Metadata, if it exists (i.e. if the target type isn’t Sized) has to be “valid”[1] even for raw pointers, so there is no general / unsonstrained way to case “any type” to “any other type” including unsized types, even for raw pointers.

If you could tell us what the type of your some_pointer variable actually is, we might be able to give additional comments on your specific use-case :wink:


  1. in particular vtable pointers should point to vtables matching the trait object type ↩︎

2 Likes

Thank you for your great response and explanation.

If you could tell us what the type of your some_pointer variable actually is, we might be able to give additional comments on your specific use-case

My specific type is dyn Fn

You are calling the cast method of *const T or *mut T which only works for Sized target types, mostly because the exact requirements for pointer-casts with metadata (basically, types that don’t fulfill T: Sized are (currently) exactly those where pointers to the type carry metadata) isn’t expressible in a function signature.

I'm sorry but from what I understand why pointers need the Metadata, what it is exactly ? I'm also sorry but I'm not sure why you are talking about "function signature".

Metadata for pointers to unsized types is currently either length information (one usize) for pointers to slices, or vtable pointers (so one additional memory address) for pointers to trait objects. Metadata is also a part of raw pointers to unsized types, just like for normal references, or other pointer-like types.

Isn't the size of a pointer always the same ? Just the size of an address.

Maybe I'm more used to C but in C a pointer is as simple and stupid as an address.

Casting (or coercing) between different pointer types generally either preserves metadata, or it can drop metadata for raw-pointer casts; or it can create new metadata for unsizing coercions. The exact requirements here are checked if you do a cast with the as operator, but don’t have any way of being written down using constraints / trait bounds on a generic function, which is why the cast method more conservatively requires the target type to simply always be Sized. (This restriction might be lifted at some point in the future, who knows…)

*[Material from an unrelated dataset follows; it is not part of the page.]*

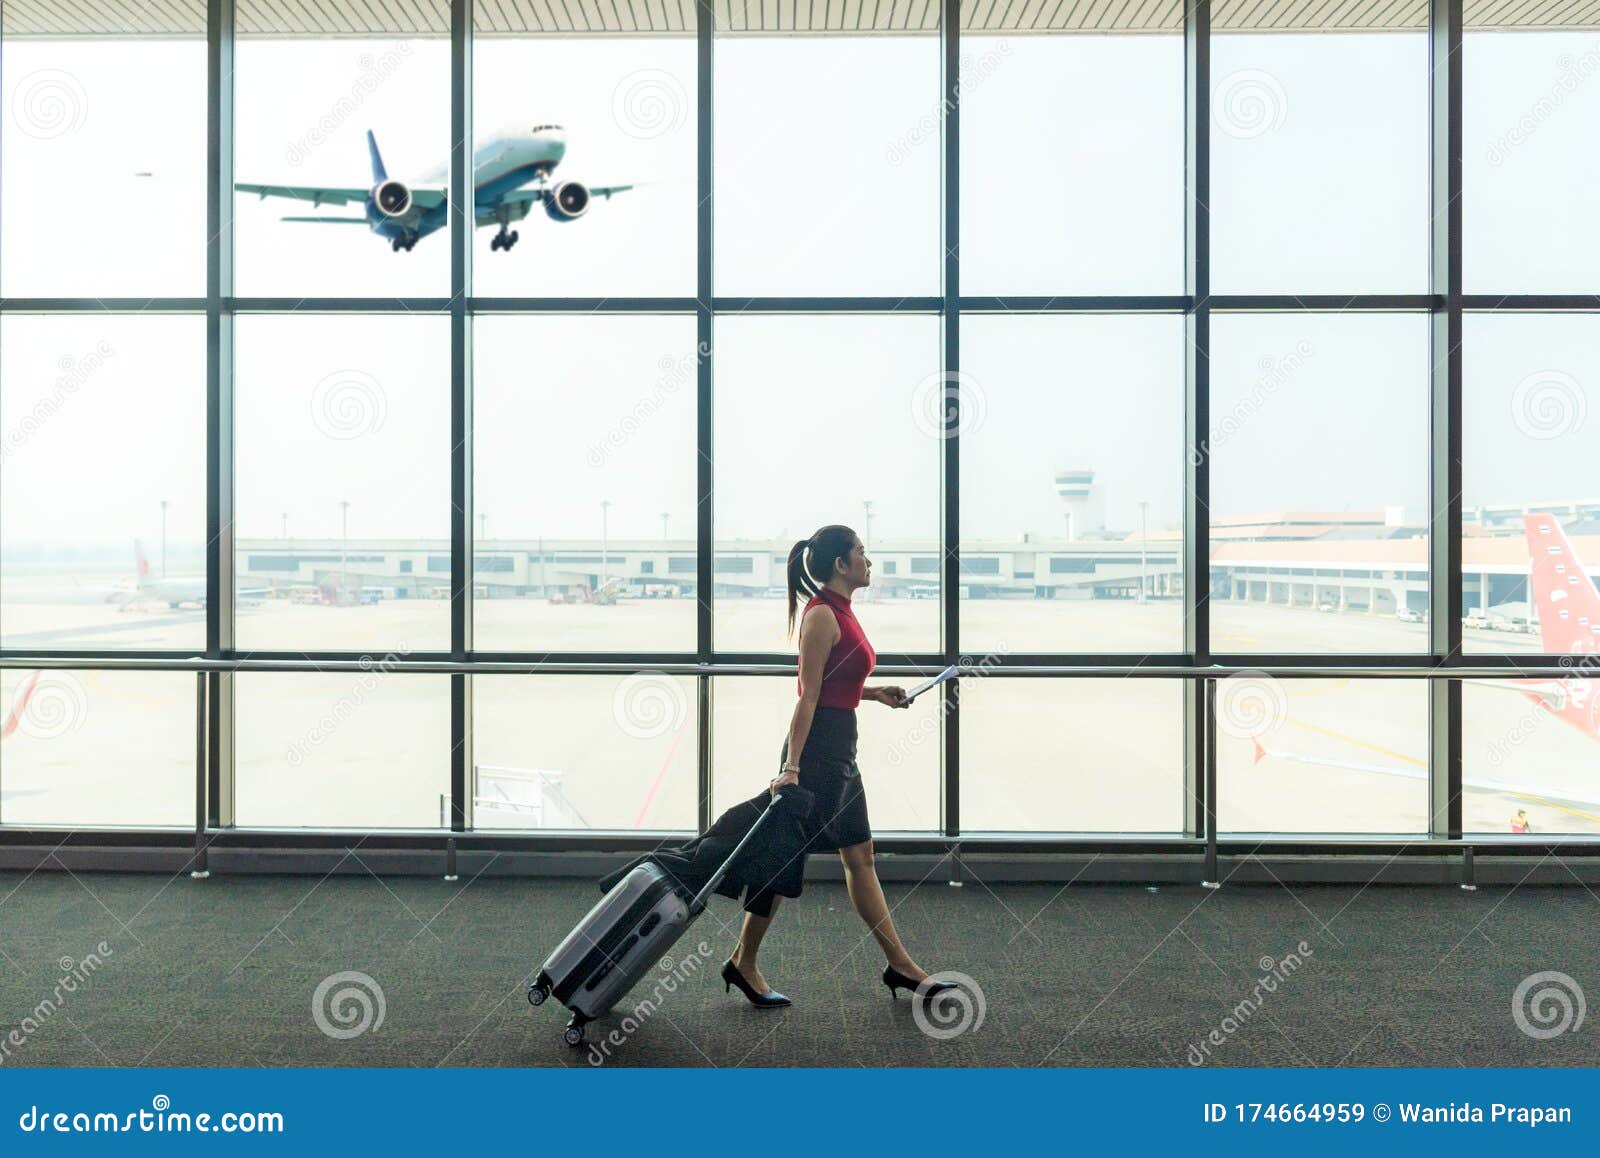 Airport Background. Business Woman Planning Work and Meeting Trip Checking  Board Pass at the Airport Glass Window Stock Image - Image of corporate,  airline: 174664959

Why does a check need to occur since we are working with a simple address that can point anywhere (only known during runtime) ? We are already using something that resembles to "unsafe".

Metadata, if it exists (i.e. if the target type isn’t Sized) has to be “valid” even for raw pointers, so there is no general / unsonstrained way to case “any type” to “any other type” including unsized types, even for raw pointers.

I'm sorry for insisting but I'm really afraid that I have some problem understanding what the "metadata" is. Is the "metadata" part specific to Rust ?

I"m sure that when I'll understand what "metadata" is I'll be able to fully understand.

Thank you for your patience and time.

In the case of dyn Trait, the metadata is a pointer to a vtable which contains pointers to the erased type's Trait methods and destructor.[1] So &dyn Trait (and Box<dyn Trait>) are twice the size of &SizedType (and Box<SizedType>).

Moreover, safe code can assume the metadata of a *const dyn Trait is a valid pointer to a Trait vtable.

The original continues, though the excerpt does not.